The Populist Moment

Alain de Benoist’s “Le Moment Populiste”: A Review

It is difficult to understand the political events of the last decade without a concept of ‘populism’. Today, the majority of pundits and political scientists treat the word as a kind of disease. For Alain de Benoist however, the leading intellectual figure behind the French Nouvelle Droite and author of Le Moment Populiste (The Populist Moment), populism is neither a pathology of democracy nor a neutral development, but rather a manifestation of political health. In the book, the author elaborates on how populism represents a force that, in the midst of the disintegration of political forms, is able to bring about a new political configuration.

According to de Benoist, the distinction between left and right is becoming harder and harder to define. Voters often have the impression that right-wing parties conduct left-wing politics, and vice versa. The general impression is that while personalities and slogans change, the basic ideology remains the same. Both left and Right appear to have abandoned their major constituencies: the left the people, and the Right the nation, leading many to conclude that our leaders do not differ in their goals but only in their methods. The French author thus concludes that the discussion today is taking place only between left-wing liberals, right-wing liberals, and centrists.

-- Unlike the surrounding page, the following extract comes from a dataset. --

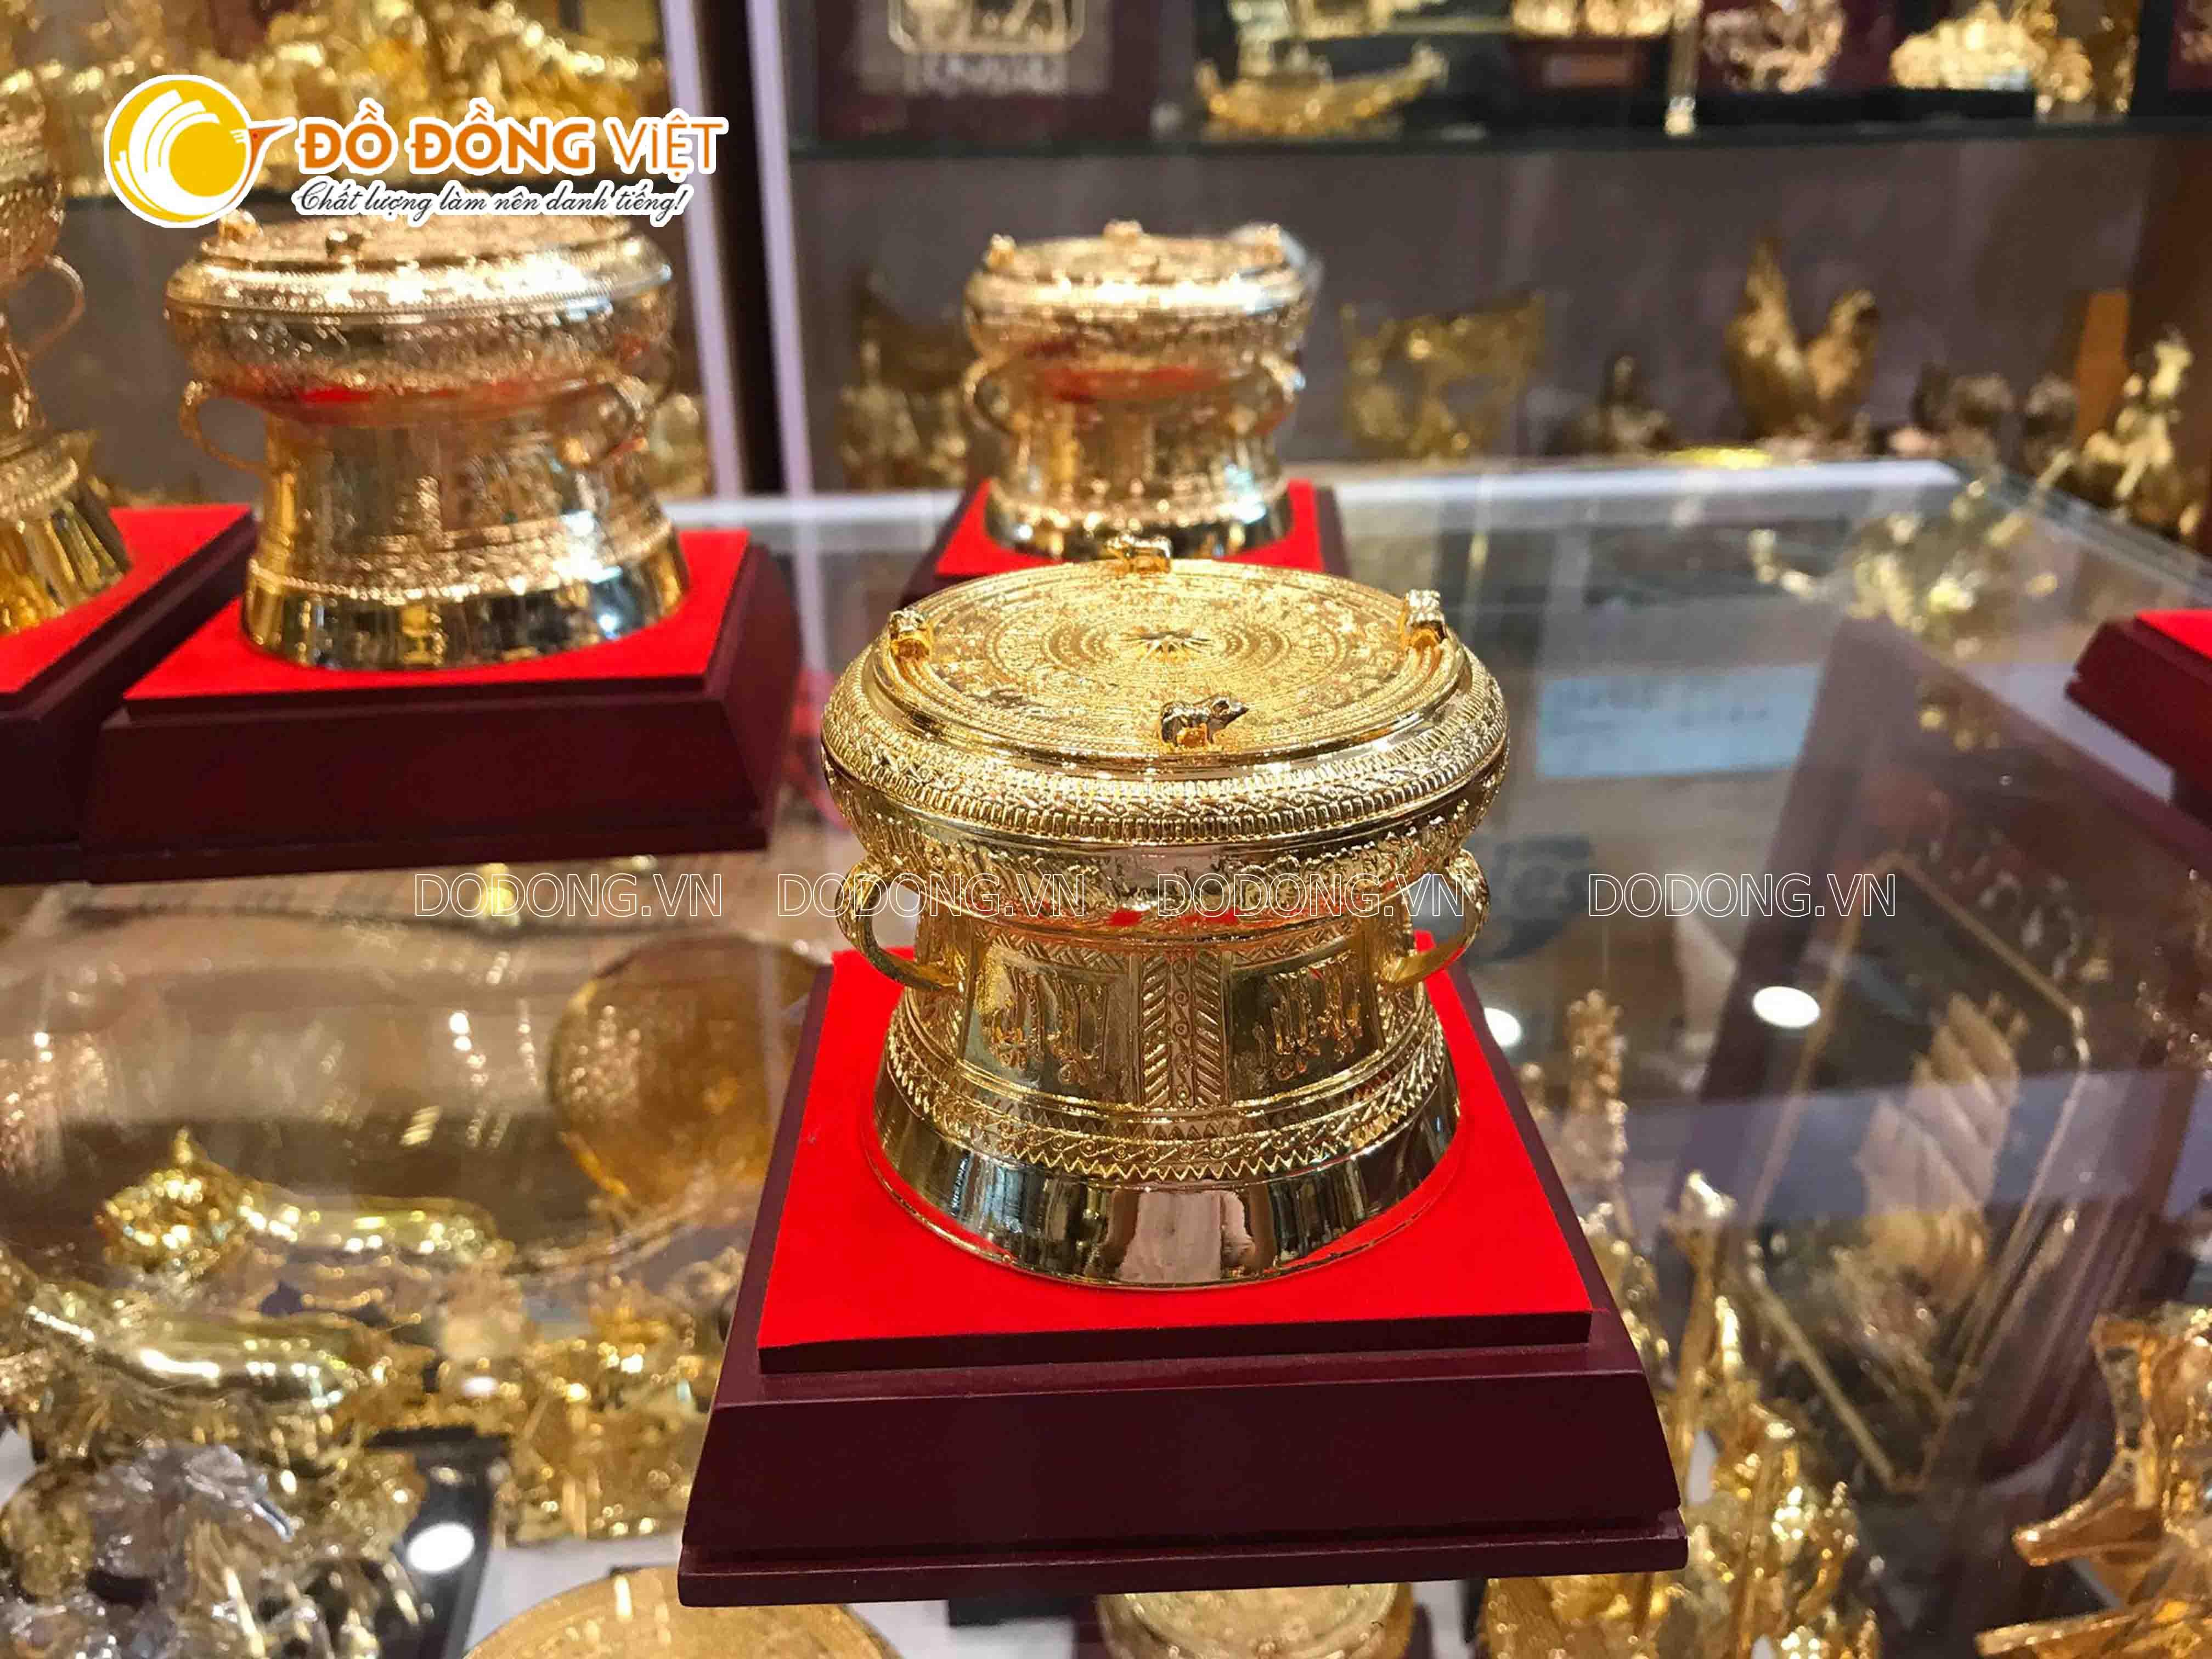 Trống đồng quà tặng mạ vàng đẹp tinh xảo đường kính 7cm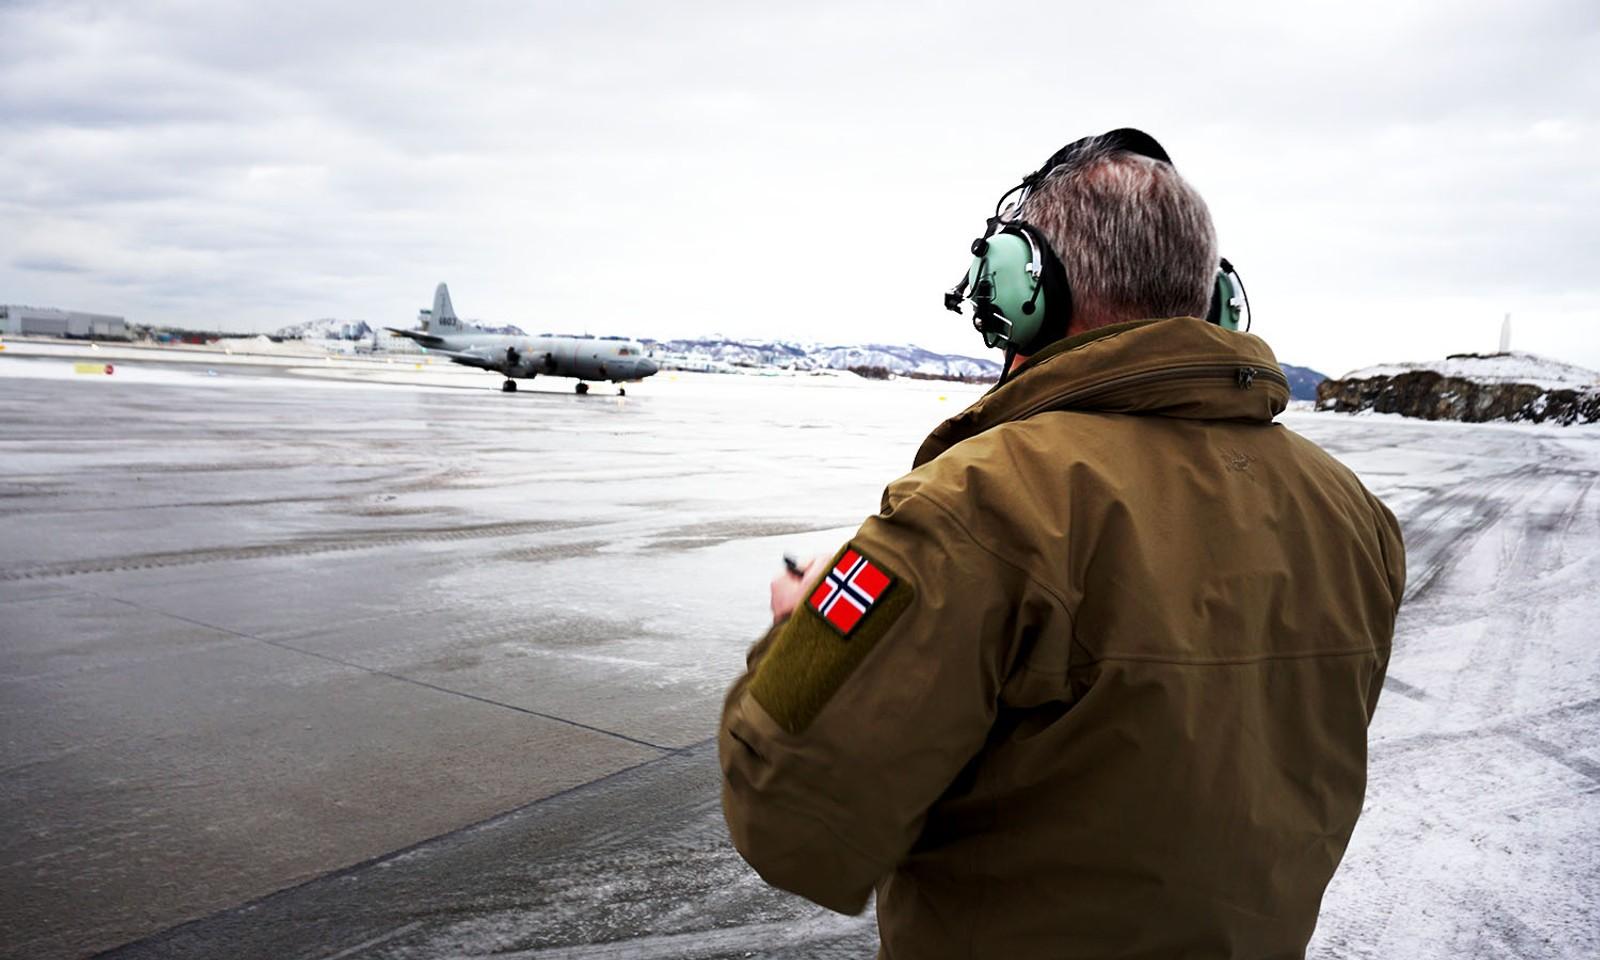 Generalløytnant Morten Haga Lunde møter igjen en gammel flamme.

Some people would consider it somewhat fitting that that ‘the end of the left-right divide’ is announced by a Frenchman, given that the very distinction grew out of the French Revolution. And yet the terms ‘left’ and ‘Right’ did not begin to function in the public debate then but much later, only in the last quarter of the 19th century. Neither during the Revolution of 1830, nor 1848, nor even during the Paris Commune were citizens using these concepts. There were no people of the ‘left’ and people of the ‘Right’, but reactionaries and progressives, republicans and radicals. No 19th century socialist would have identified as being on the ‘left’, for example.

De Benoist points to the Dreyfus affair as the moment when the left-right divide begins to capture the collective imagination. According to the author, this is when socialists and progressives unite in an alliance to defend the French Republic against the ‘Right’, i.e. nationalists, catholics and monarchists. This division only reinforced itself in the 20th century and it overlaps with three great debates: 1) around institutions, 2) around religion, and 3) around the “social question,” namely the consequences of the first industrial revolution. These three debates, on which the left-right axis was based, have since been closed.

There were many failed attempts to restore it, however. Norberto Bobbio, a very popular Italian political scientist of the ’90s who believed that ‘equality’ is the basis of the divide (with the Right its eternal enemy and the left its defender) is cited by the de Benoist as an example. But as the French author notes on each side there have always been fractions that saw certain inequalities as injustices. Marx himself rejected the notion of ‘equality’ as a bourgeois concept. To further prove his point, de Benoist also cites a 2016 French IFOP poll in which, when people who described themselves as ‘of the left’ were asked which value was most important to them, ‘equality’ ranked only third.

To many today, the dichotomy of ‘progress’ versus ‘conservatism’ is a valid one. However, as Burke wrote in Reflections on Revolution in France, a state which does not have the means to change itself also does not have the means to preserve itself. Conservatism and progressivism are empty words in themselves as we must define both what we want to preserve and what we want to progress towards. De Benoist here reminds us of Jean-Claude Michéa’s work, who argued that socialism, in its origins, had nothing to do with the idea of progress.

The Right and the left are not separated by an unbridgeable ideological chasm. Concepts, symbols, and figures circulate between one side and the other. Once, the Marseillaise was the hymn of the left, then it moved to the Right in the early 20th century. As de Benoist points out, eugenism, racism, and Darwinism were born on the left, just as colonial endeavors in France began with a leftist government in charge. Also in France, it was the left that feared giving women the right to vote because they thought it would bring back clericalism and strengthen conservatives.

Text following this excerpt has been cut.